* _Work order_
Without the pictures, set down every line of the data exactly.

* _Supplied data_
┌──
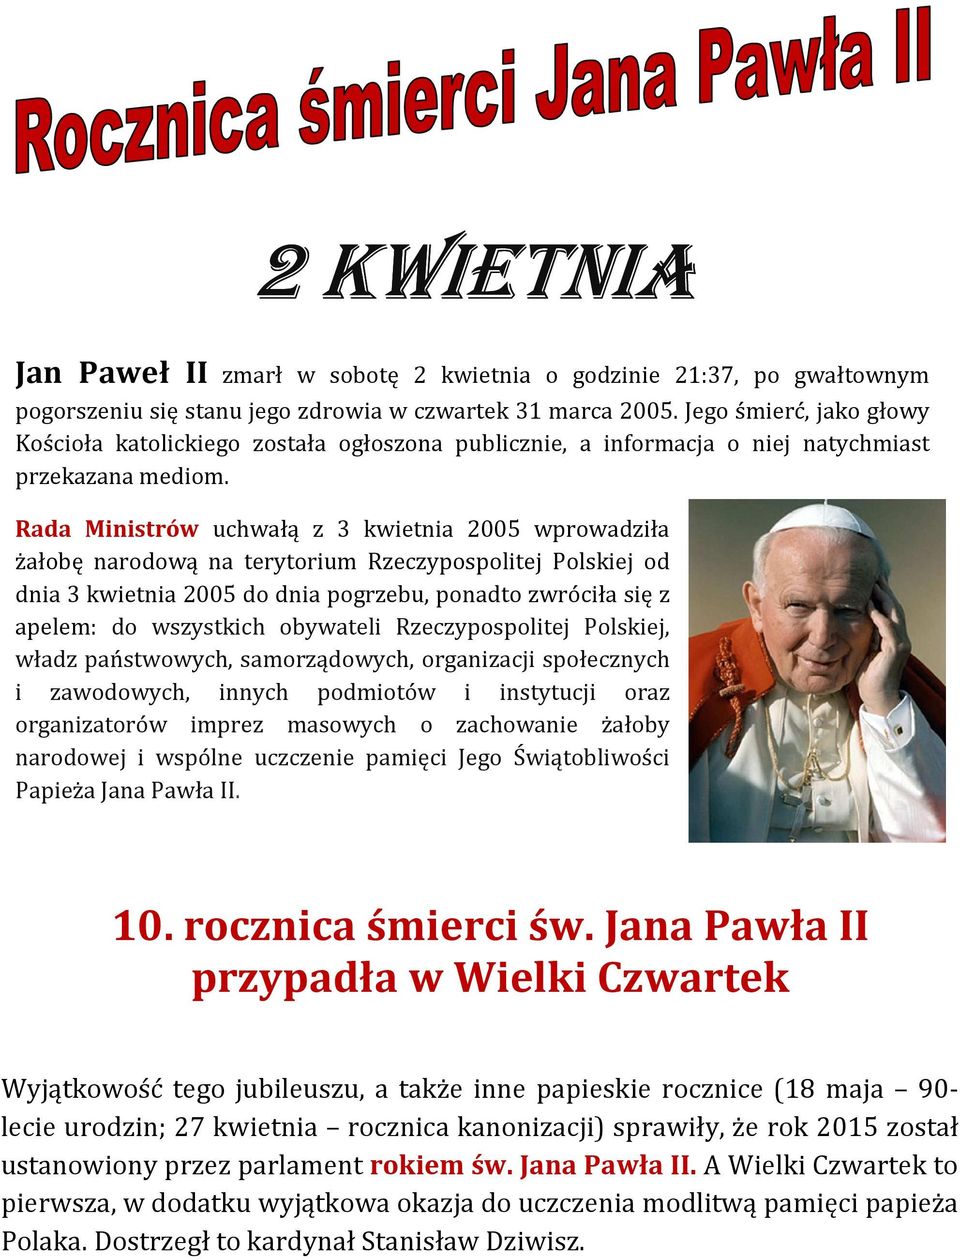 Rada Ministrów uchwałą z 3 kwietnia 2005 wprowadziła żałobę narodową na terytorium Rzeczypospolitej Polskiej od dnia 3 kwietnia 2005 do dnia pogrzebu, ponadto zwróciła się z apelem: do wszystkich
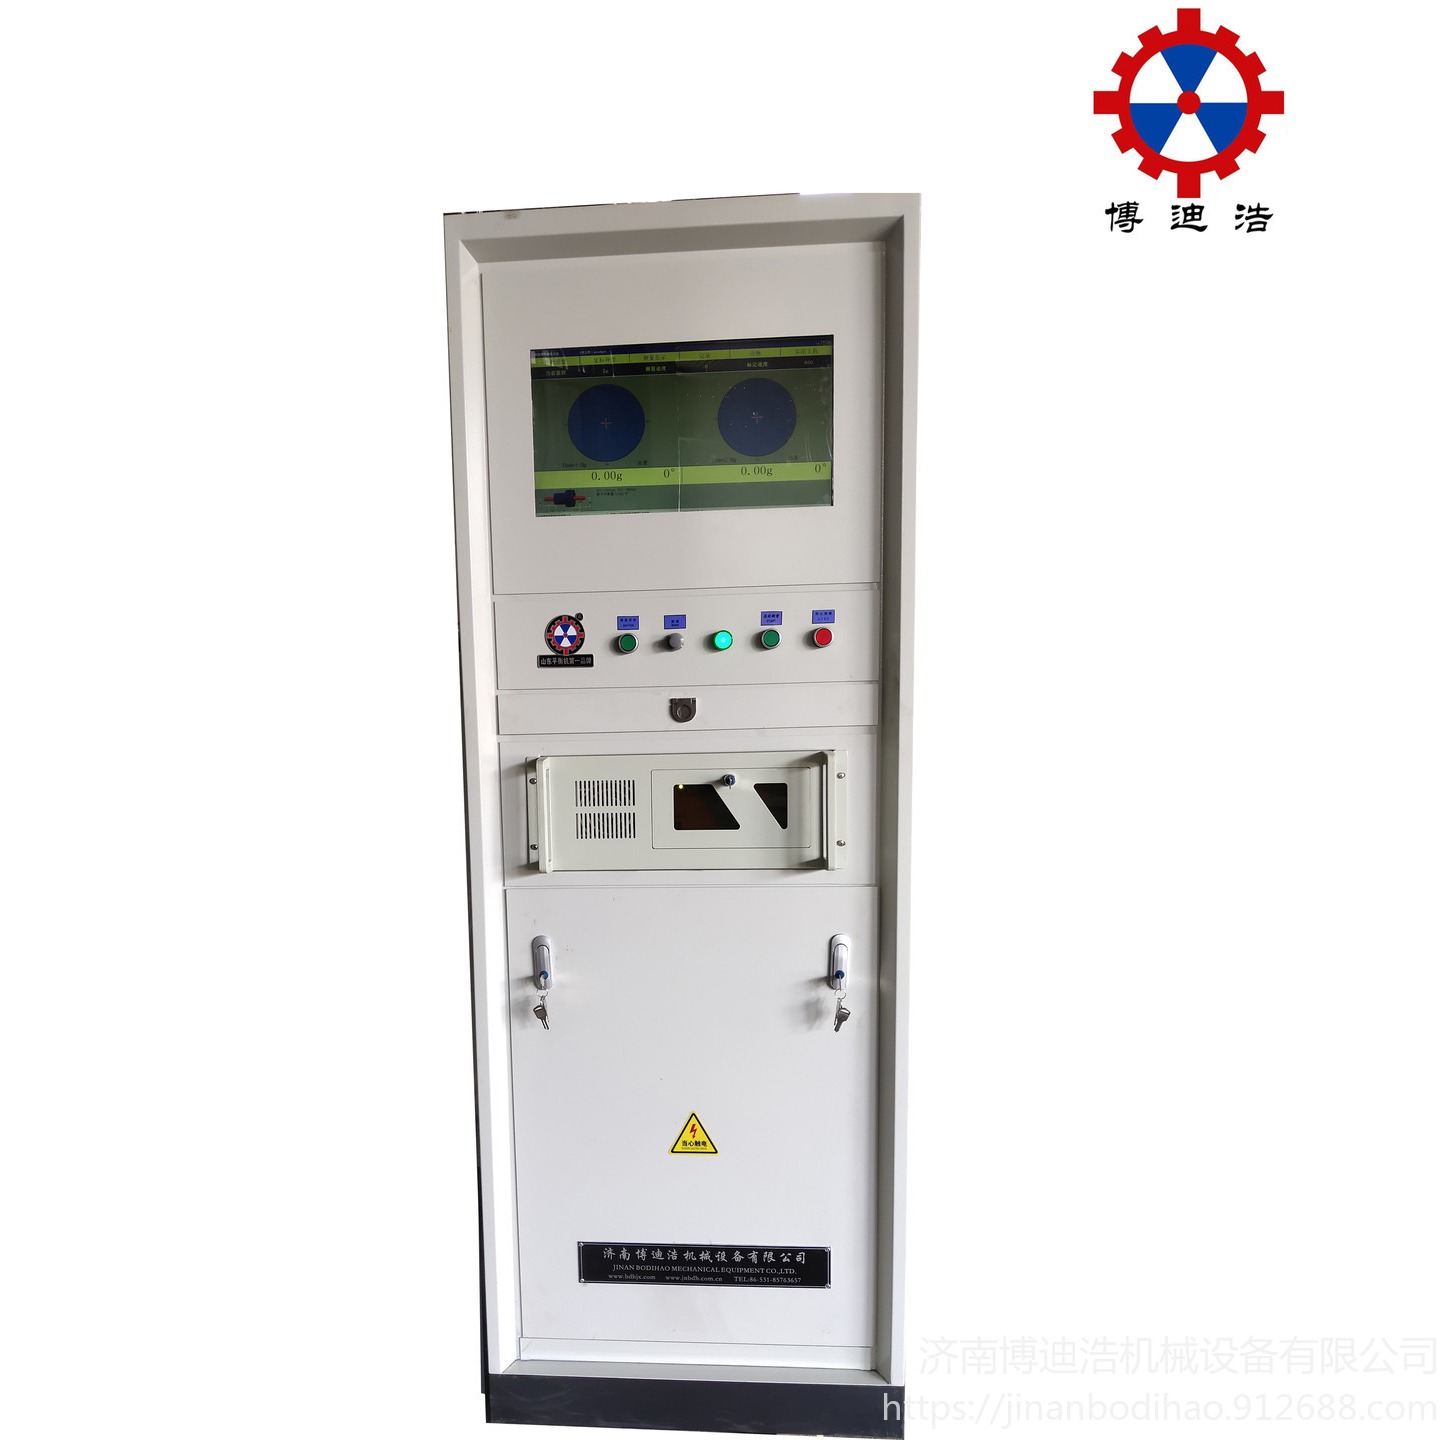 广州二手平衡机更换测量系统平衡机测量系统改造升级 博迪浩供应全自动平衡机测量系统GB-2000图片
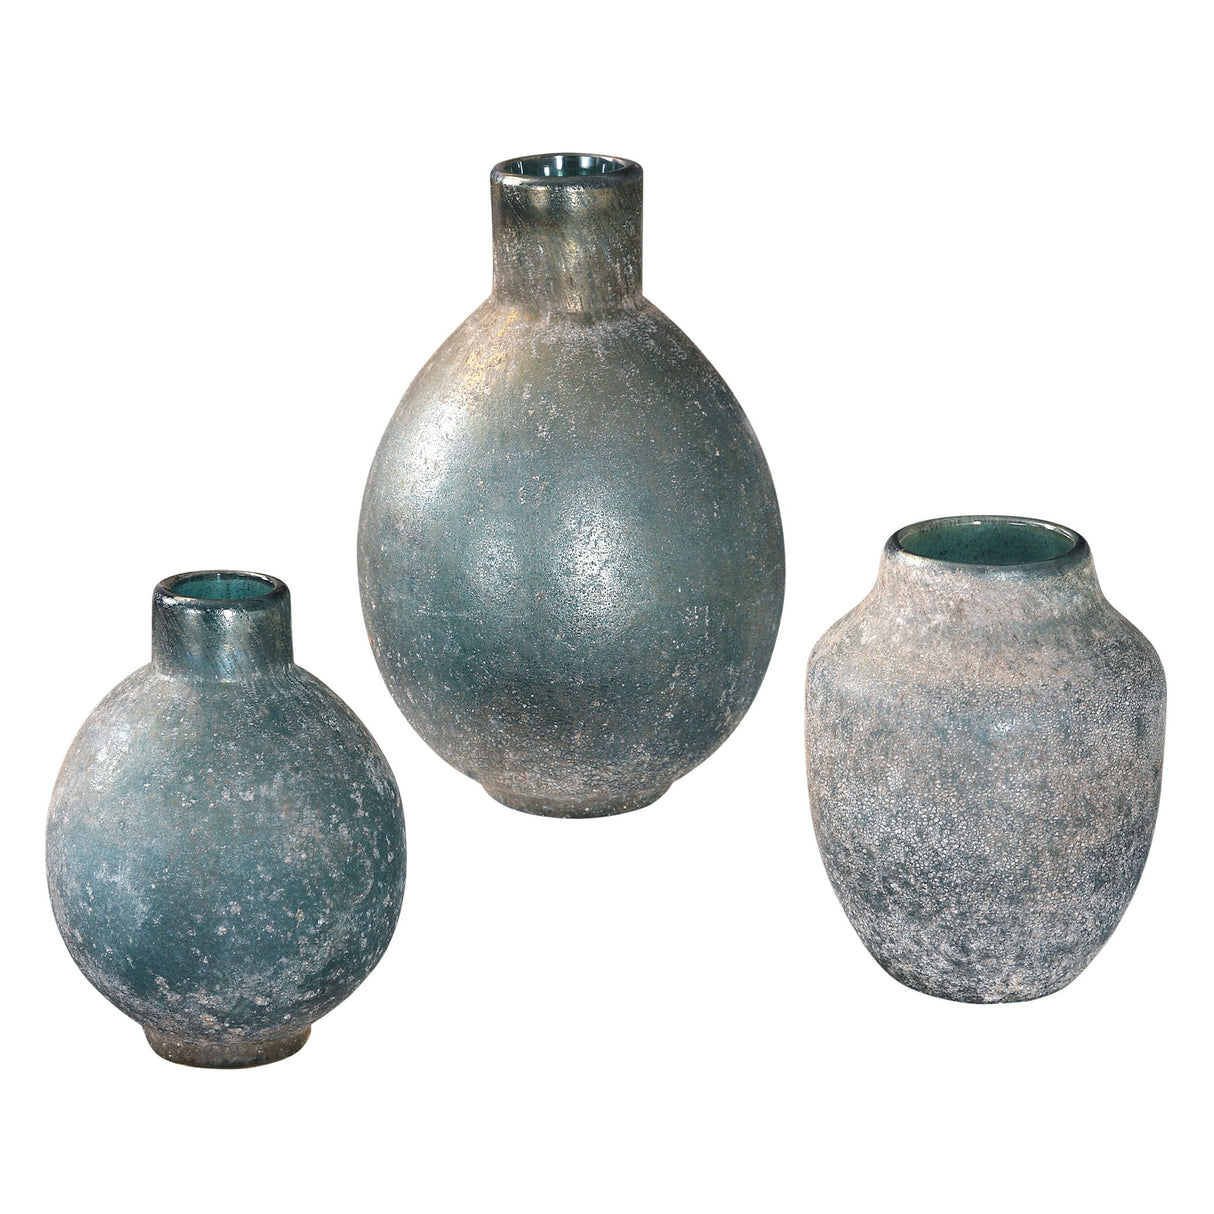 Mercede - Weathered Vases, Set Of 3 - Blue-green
└──
* _Final answer_
 Rada Ministrów uchwałą z 3 kwietnia 2005 wprowadziła żałobę narodową na terytorium Rzeczypospolitej Polskiej od dnia 3 kwietnia 2005 do dnia pogrzebu, ponadto zwróciła się z apelem: do wszystkich
 广州二手平衡机更换测量系统平衡机测量系统改造升级 博迪浩供应全自动平衡机测量系统GB-2000图片
 Mercede - Weathered Vases, Set Of 3 - Blue-green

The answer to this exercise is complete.